> **Data shown**
——————————

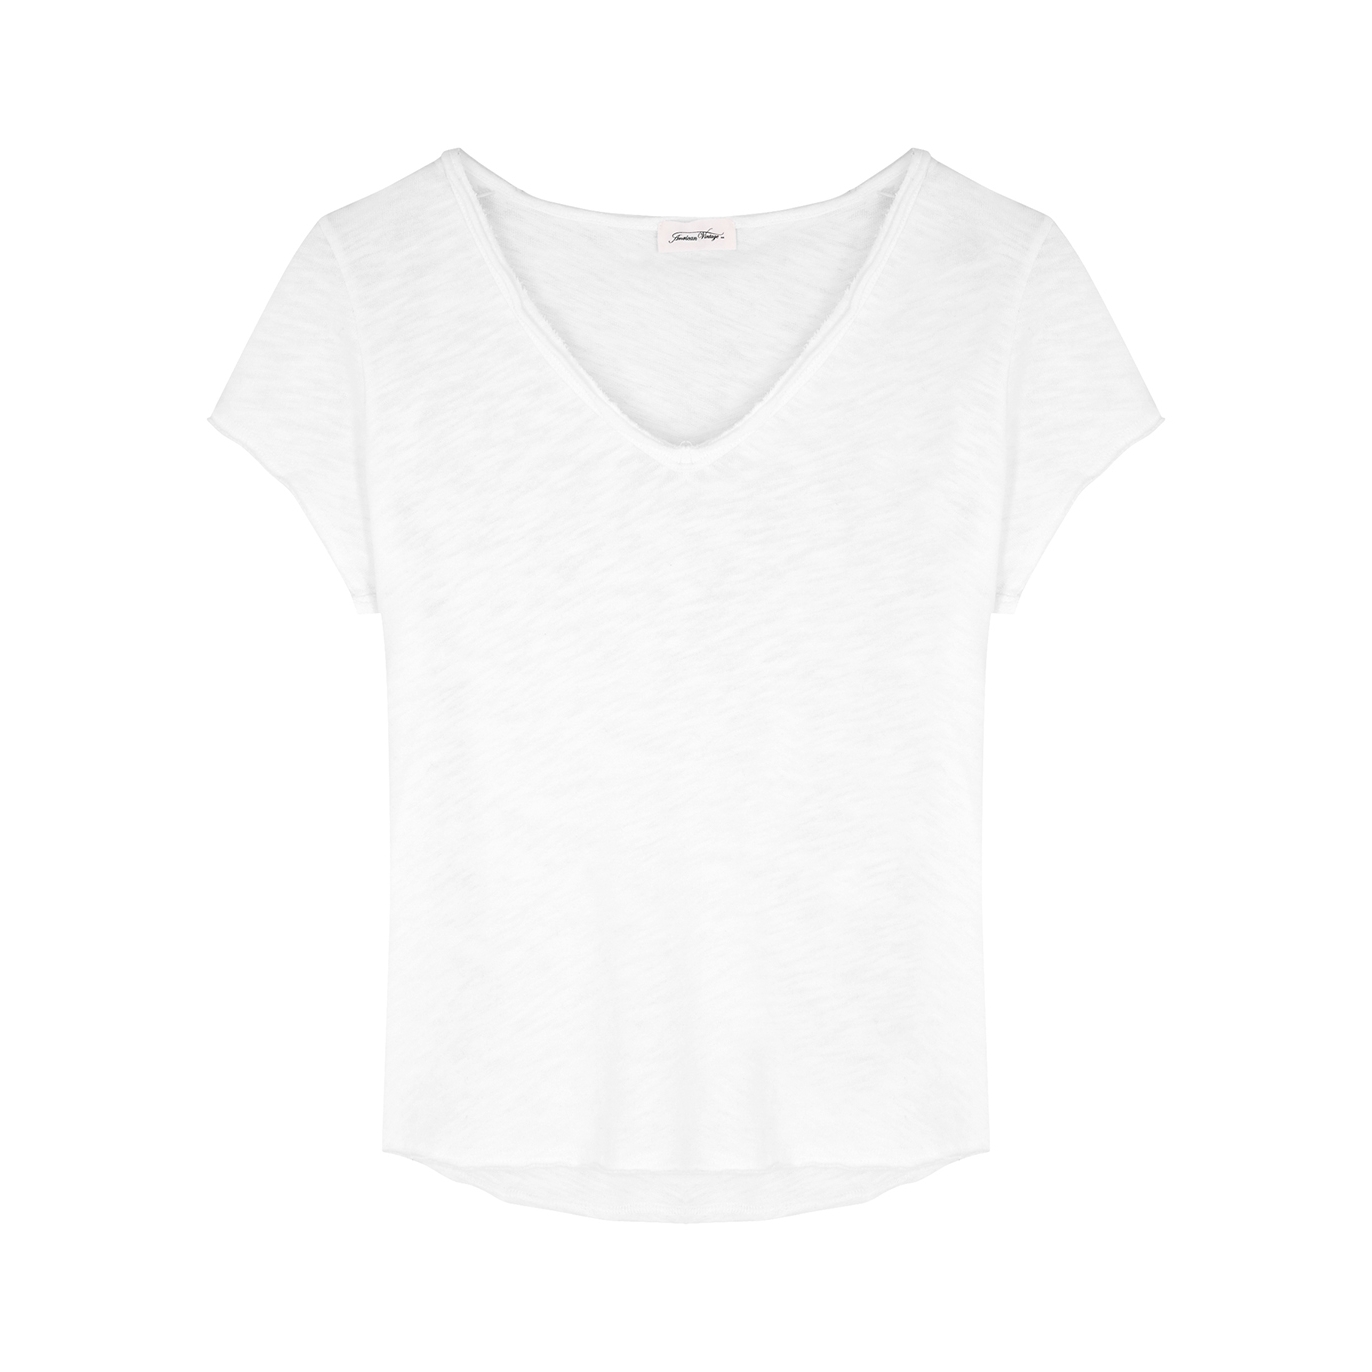 Sonoma White Slubbed Cotton T-shirt
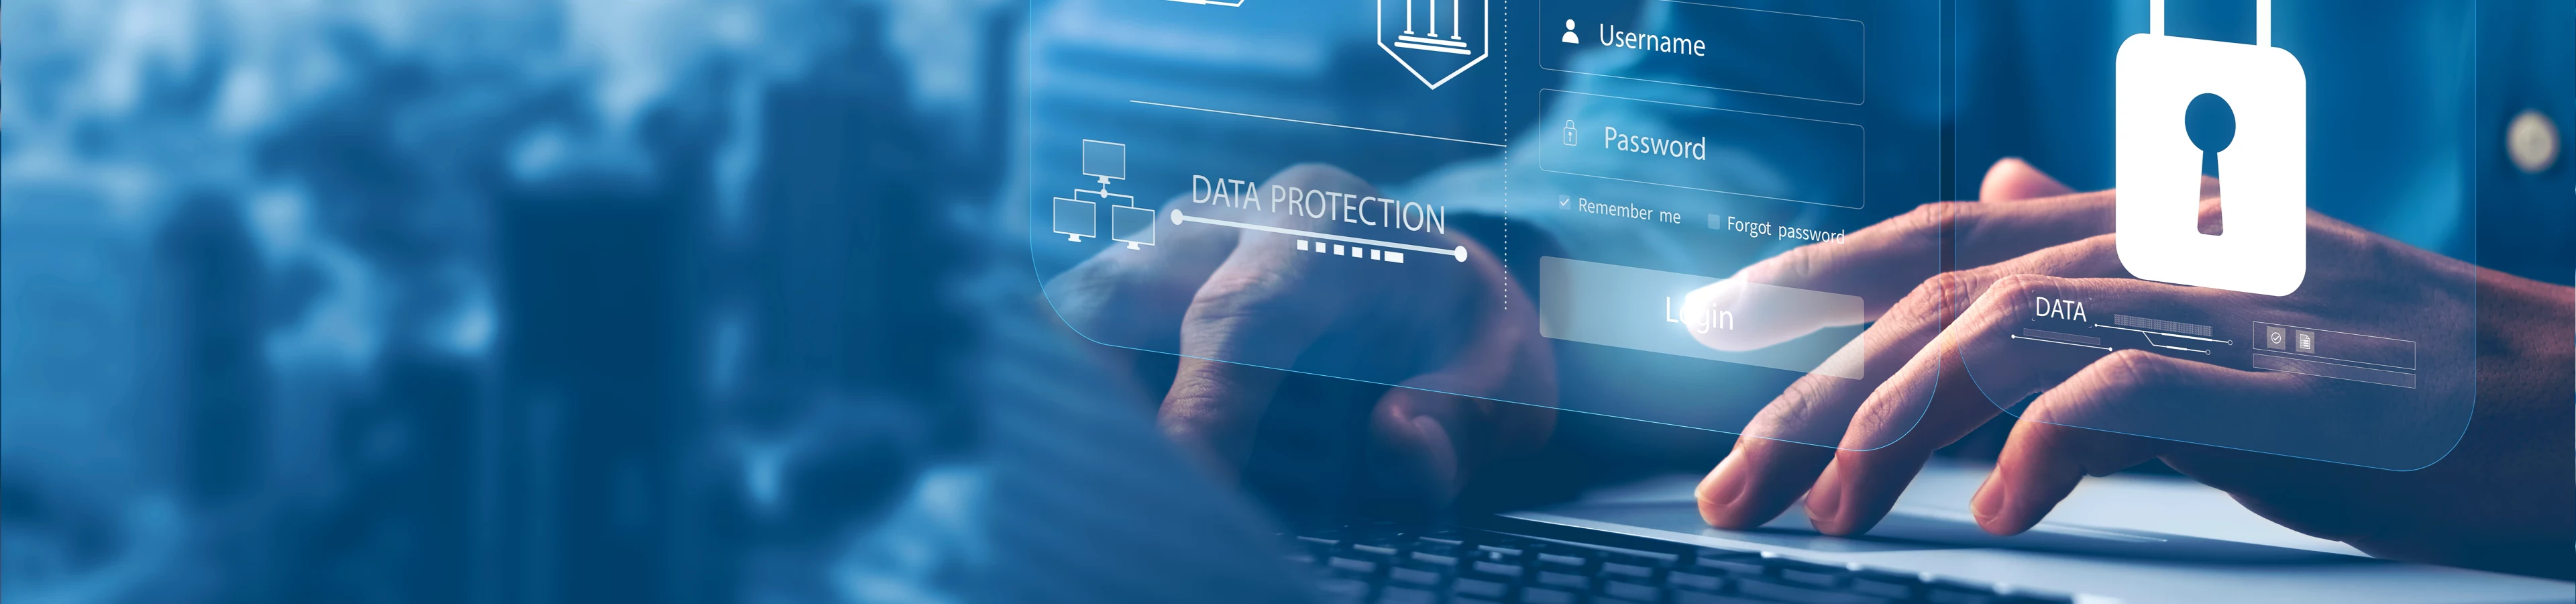 Data protecton
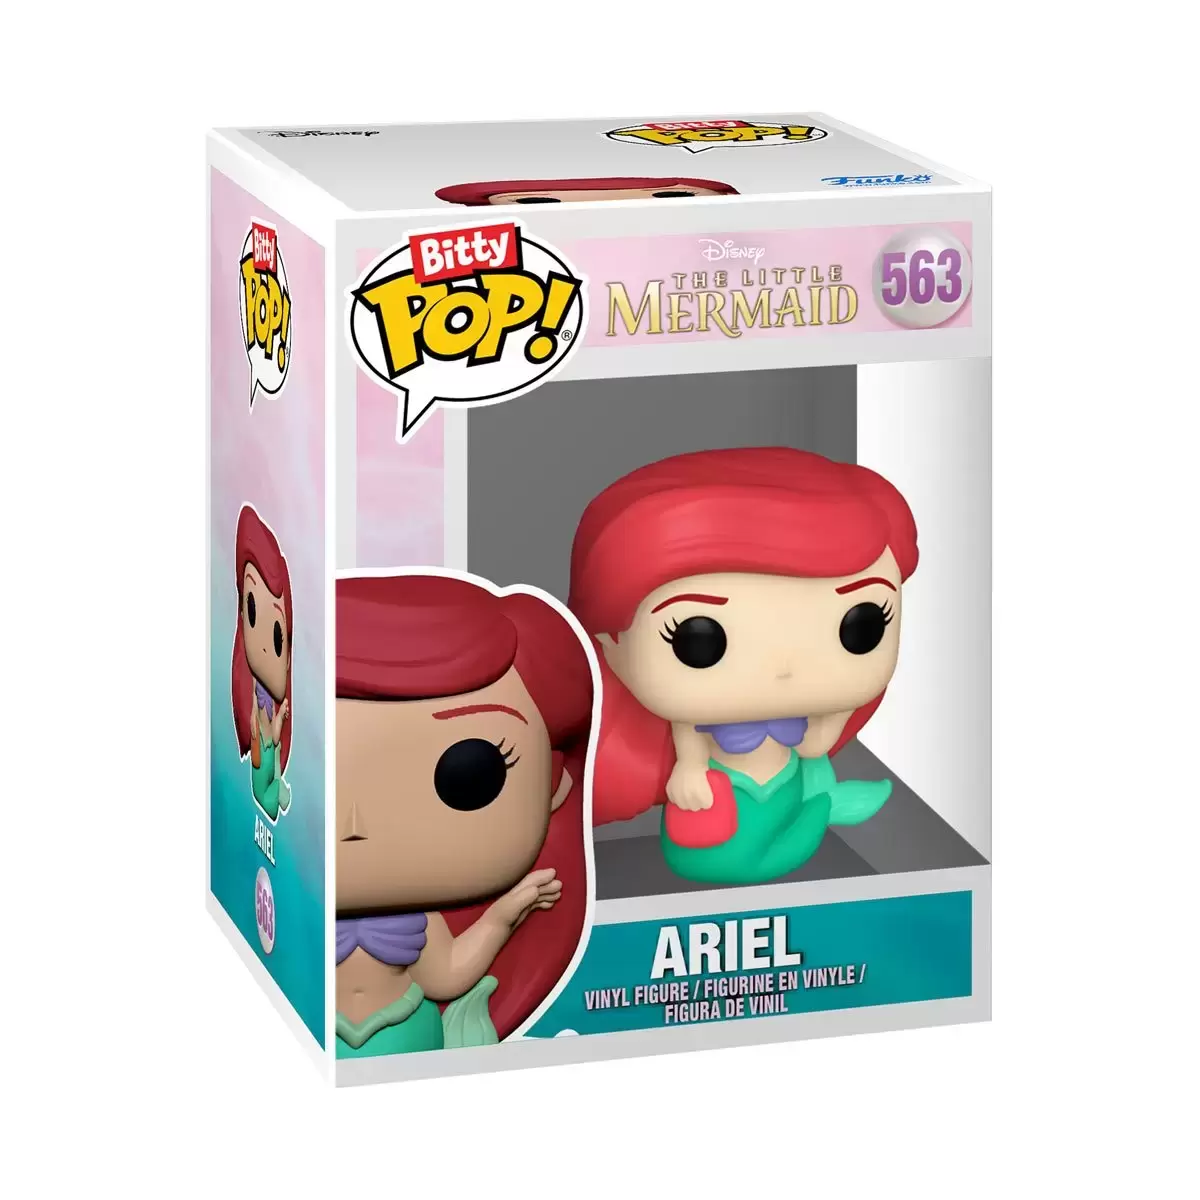 Bitty POP! - Disney Princess - Ariel
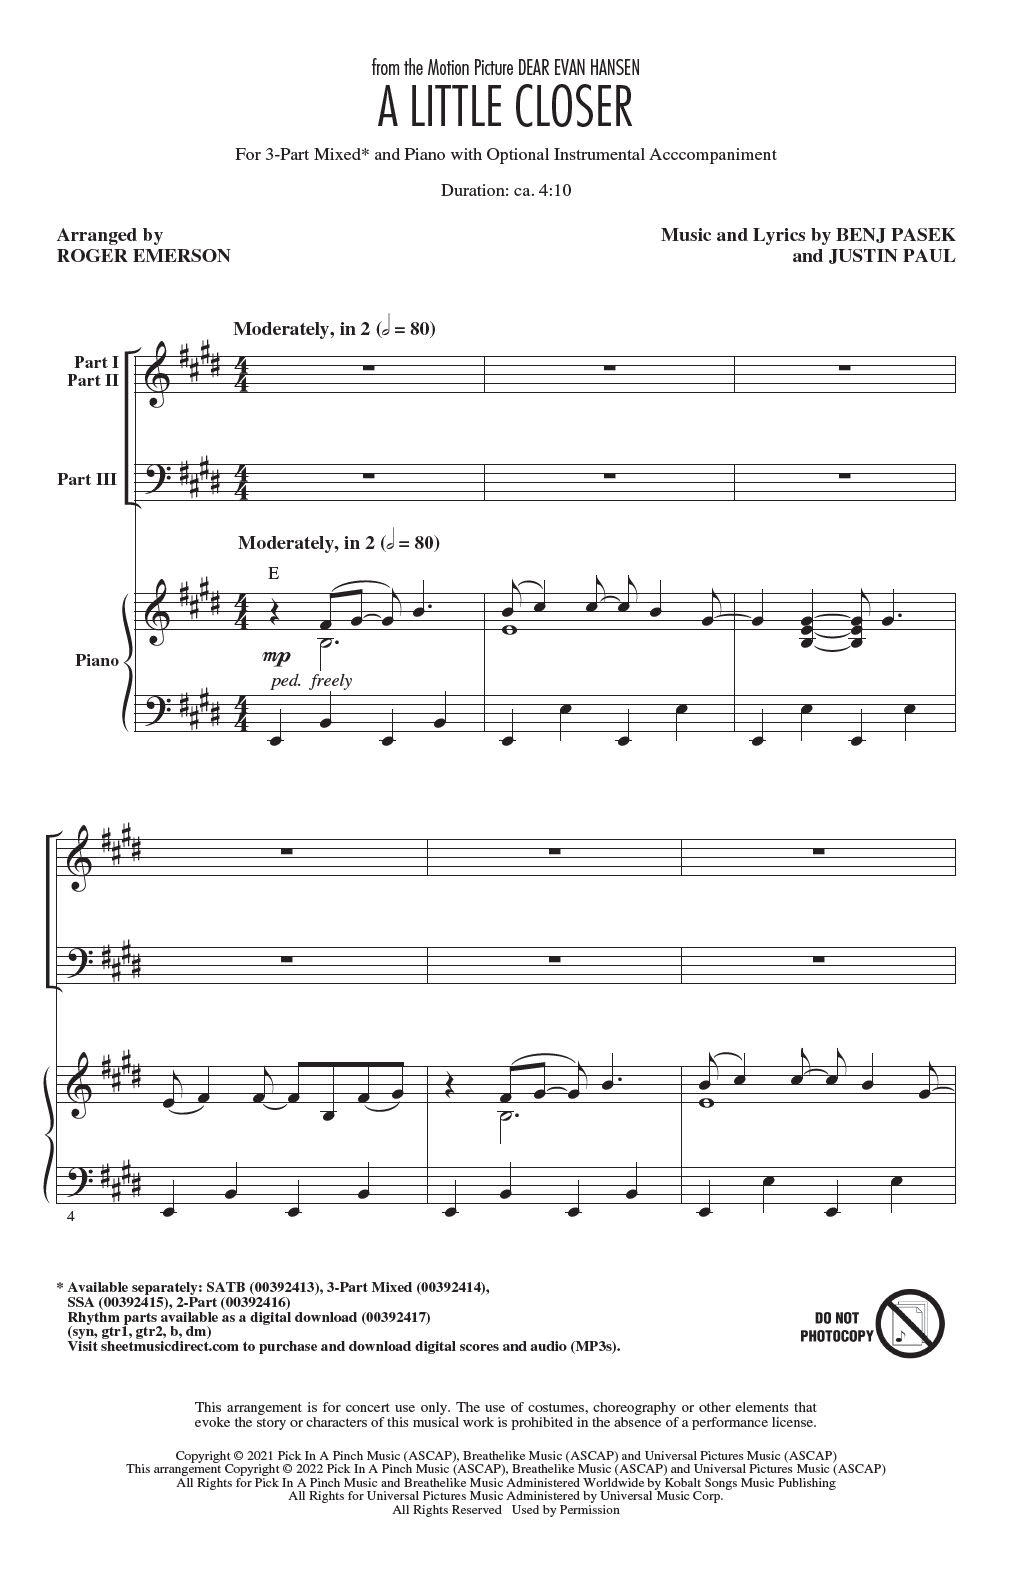 Pasek & Paul A Little Closer (from Dear Evan Hansen) (arr. Roger Emerson) Sheet Music Notes & Chords for SSA Choir - Download or Print PDF

——————————

> **What is being asked**
Copy the whole of the material above exactly, but not its images.

> **Result of the exercise**
 Sonoma White Slubbed Cotton T-shirt
 Data protecton
 Bitty POP! - Disney Princess - Ariel
 Pasek & Paul A Little Closer (from Dear Evan Hansen) (arr. Roger Emerson) Sheet Music Notes & Chords for SSA Choir - Download or Print PDF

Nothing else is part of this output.